** Opening RECORDS PROVIDED block **

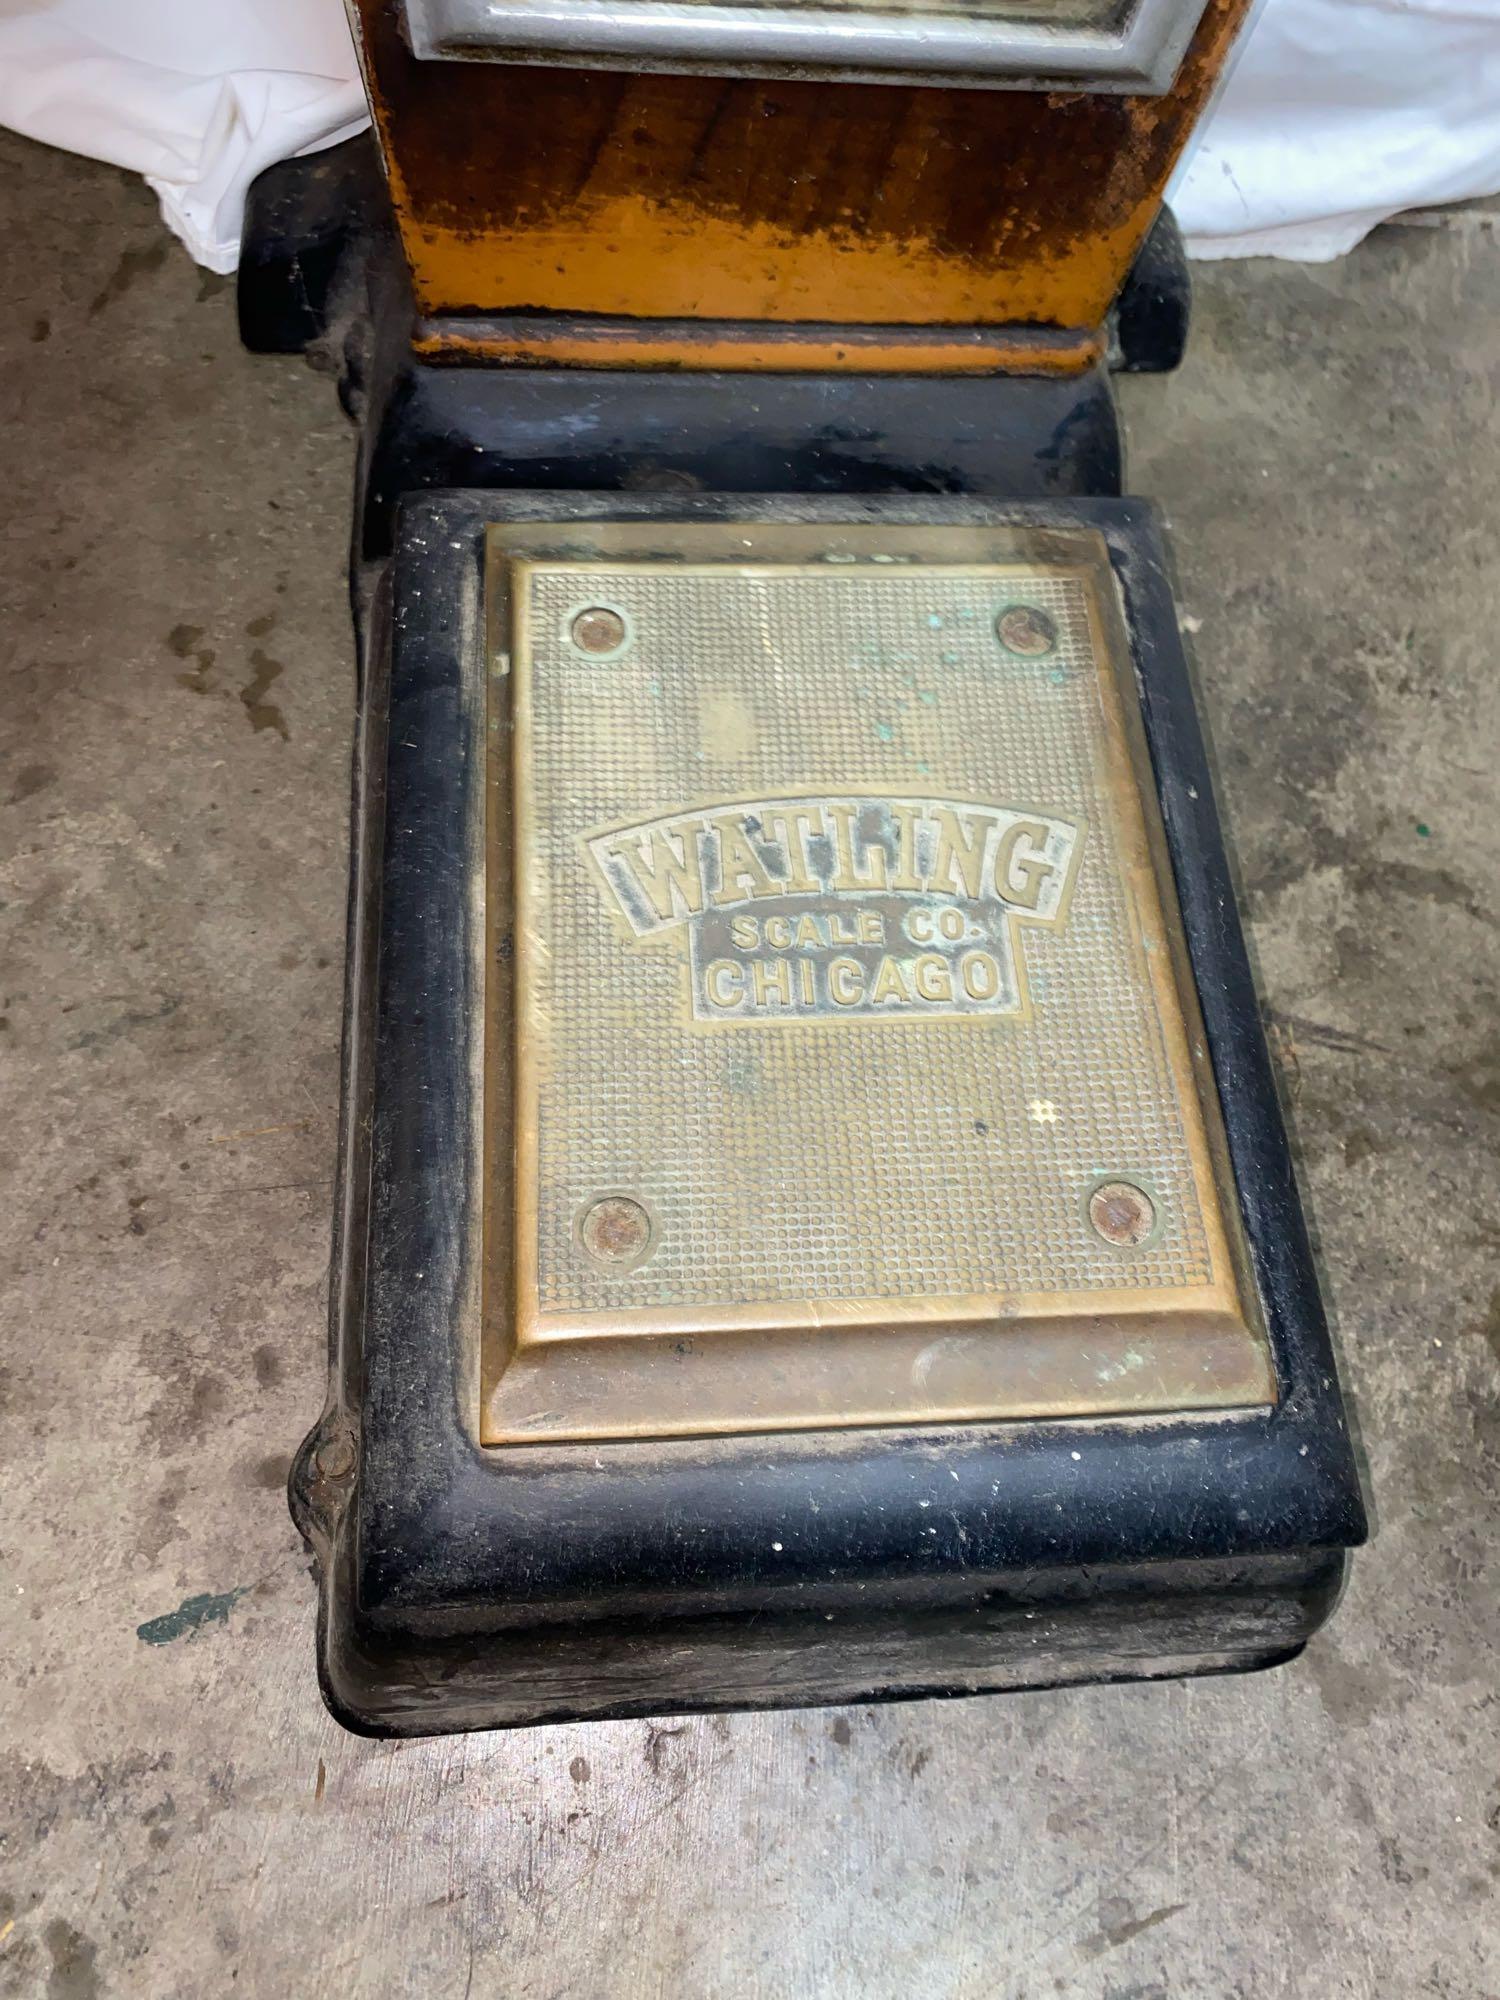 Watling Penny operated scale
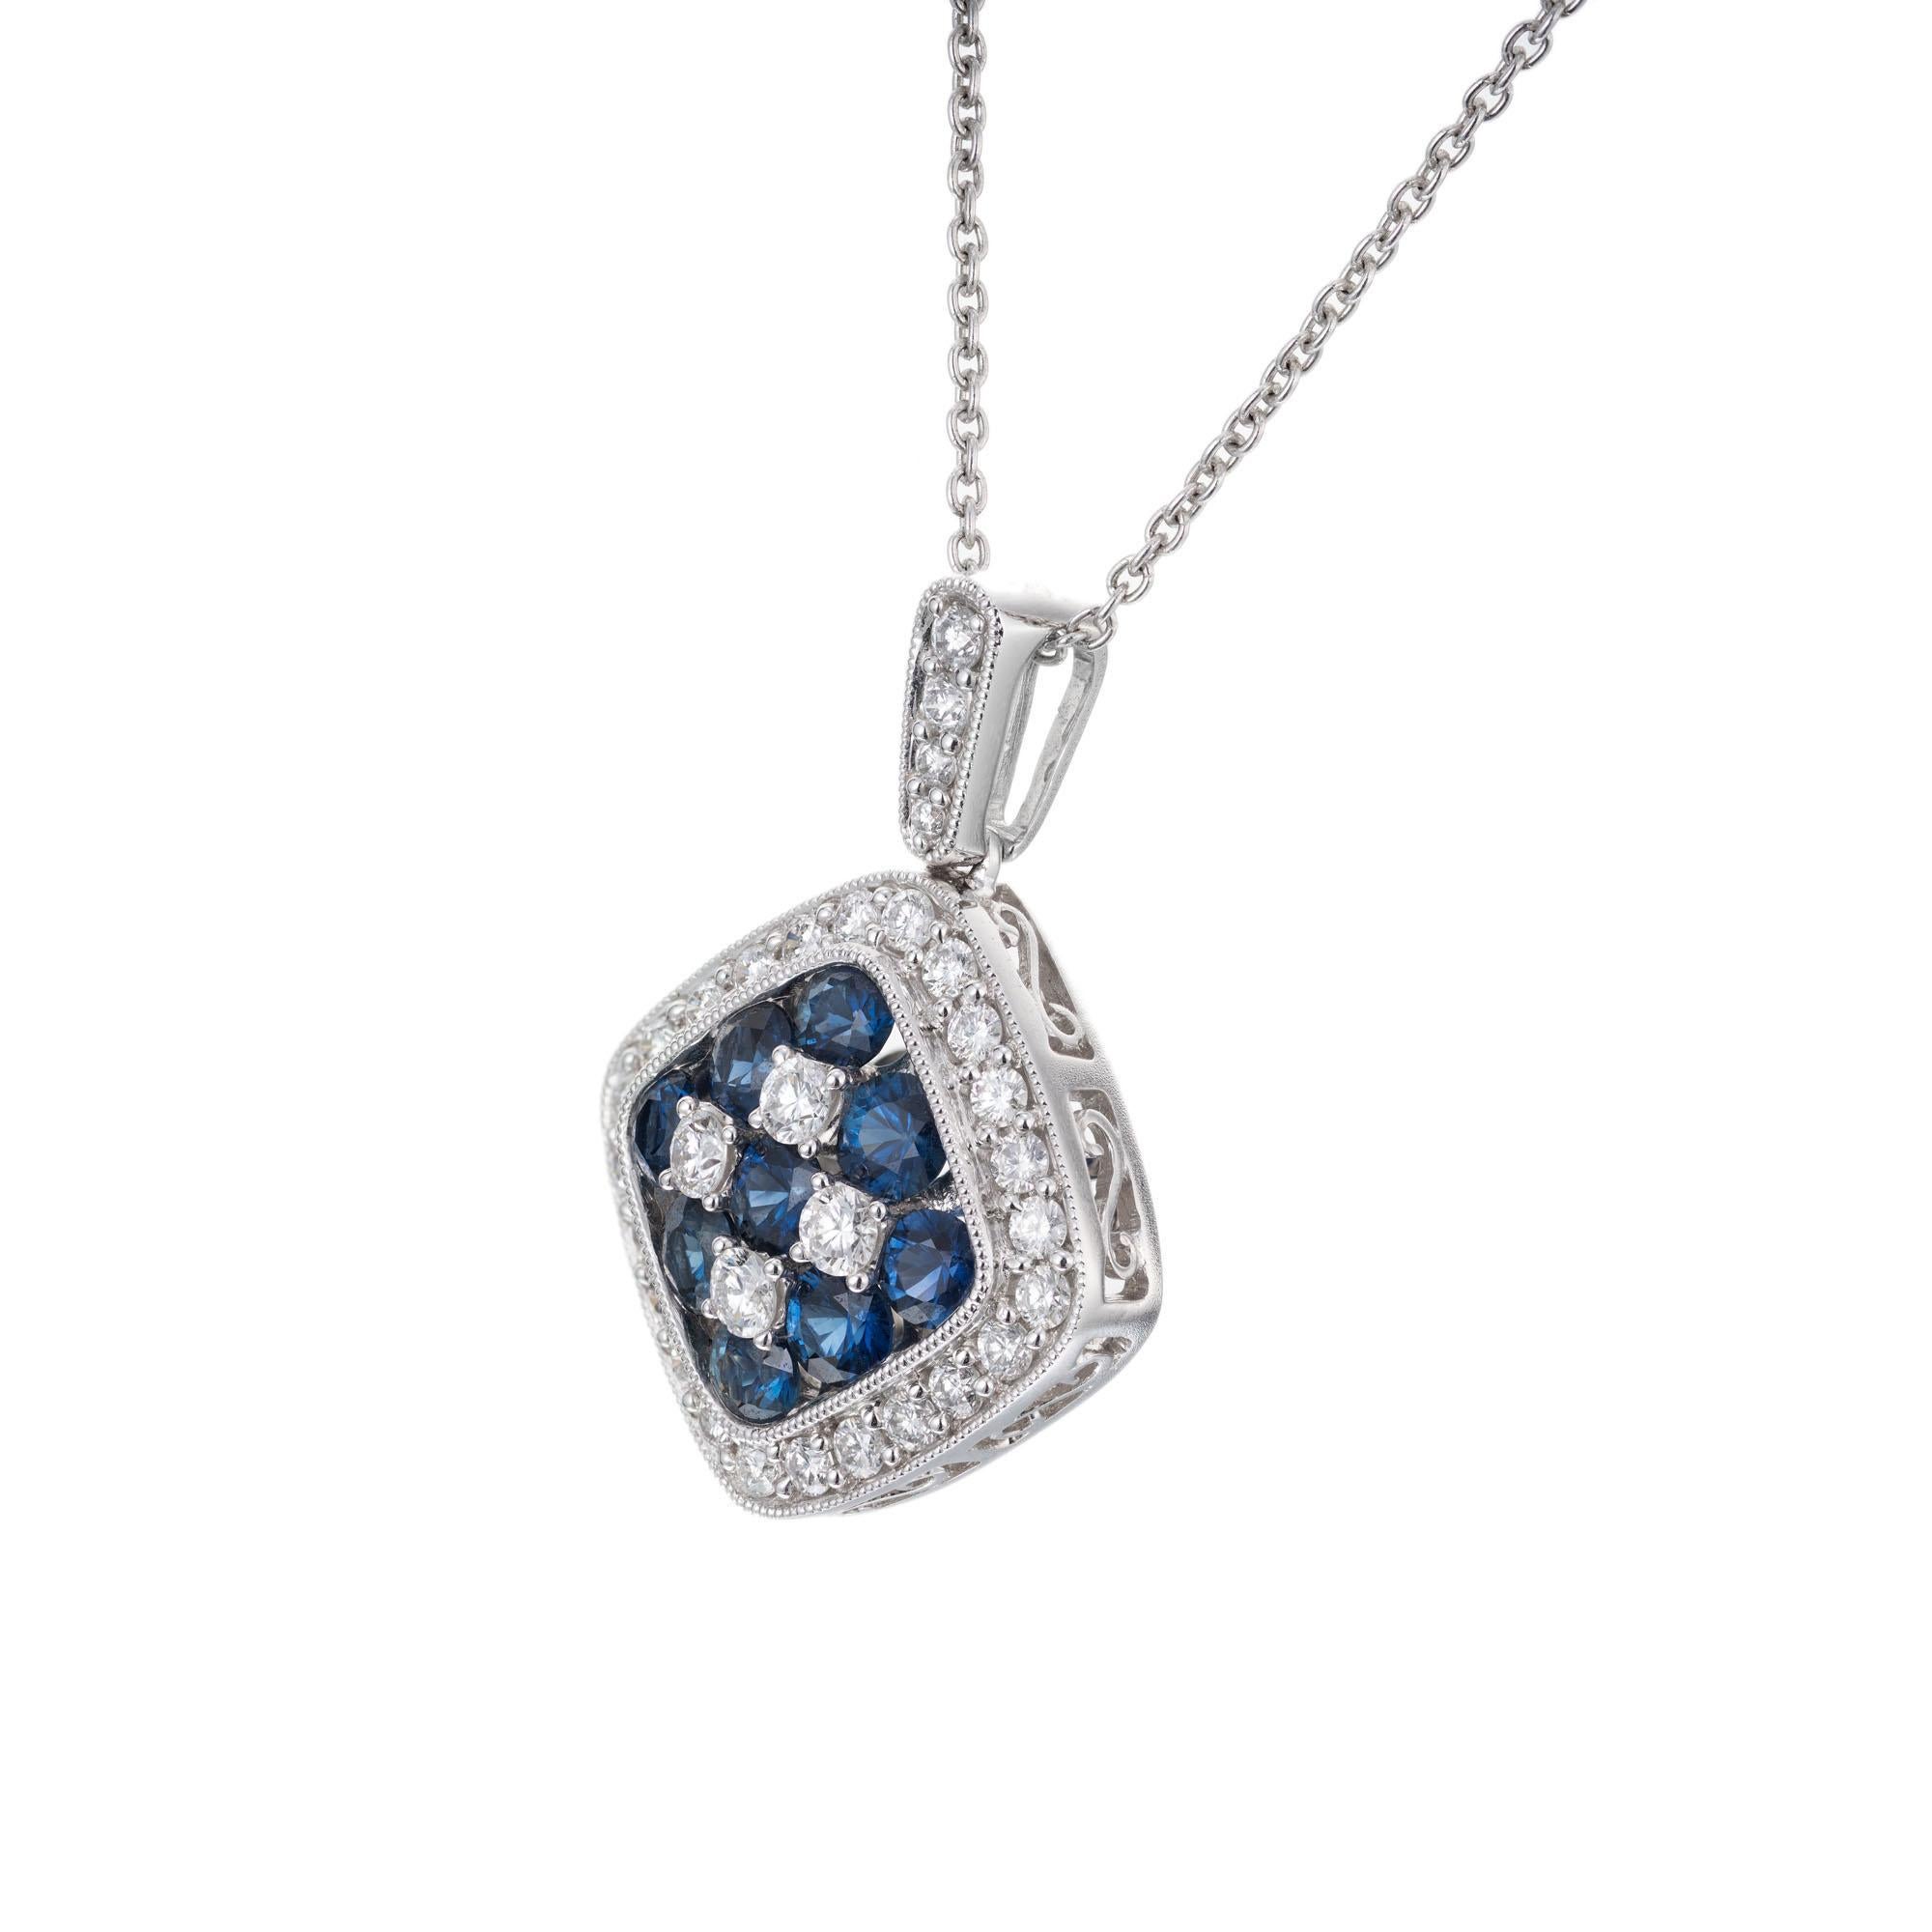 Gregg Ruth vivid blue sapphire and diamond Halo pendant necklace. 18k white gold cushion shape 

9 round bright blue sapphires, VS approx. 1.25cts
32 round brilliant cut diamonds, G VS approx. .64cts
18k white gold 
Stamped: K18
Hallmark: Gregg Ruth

** Closing RECORDS PROVIDED block **

**WHAT YOU SHOULD DO:** With the pictures removed, return each record above exactly as given.

**SOLUTION BELOW:**
 Watling Penny operated scale
 Gregg Ruth vivid blue sapphire and diamond Halo pendant necklace. 18k white gold cushion shape 

9 round bright blue sapphires, VS approx. 1.25cts
32 round brilliant cut diamonds, G VS approx. .64cts
18k white gold 
Stamped: K18
Hallmark: Gregg Ruth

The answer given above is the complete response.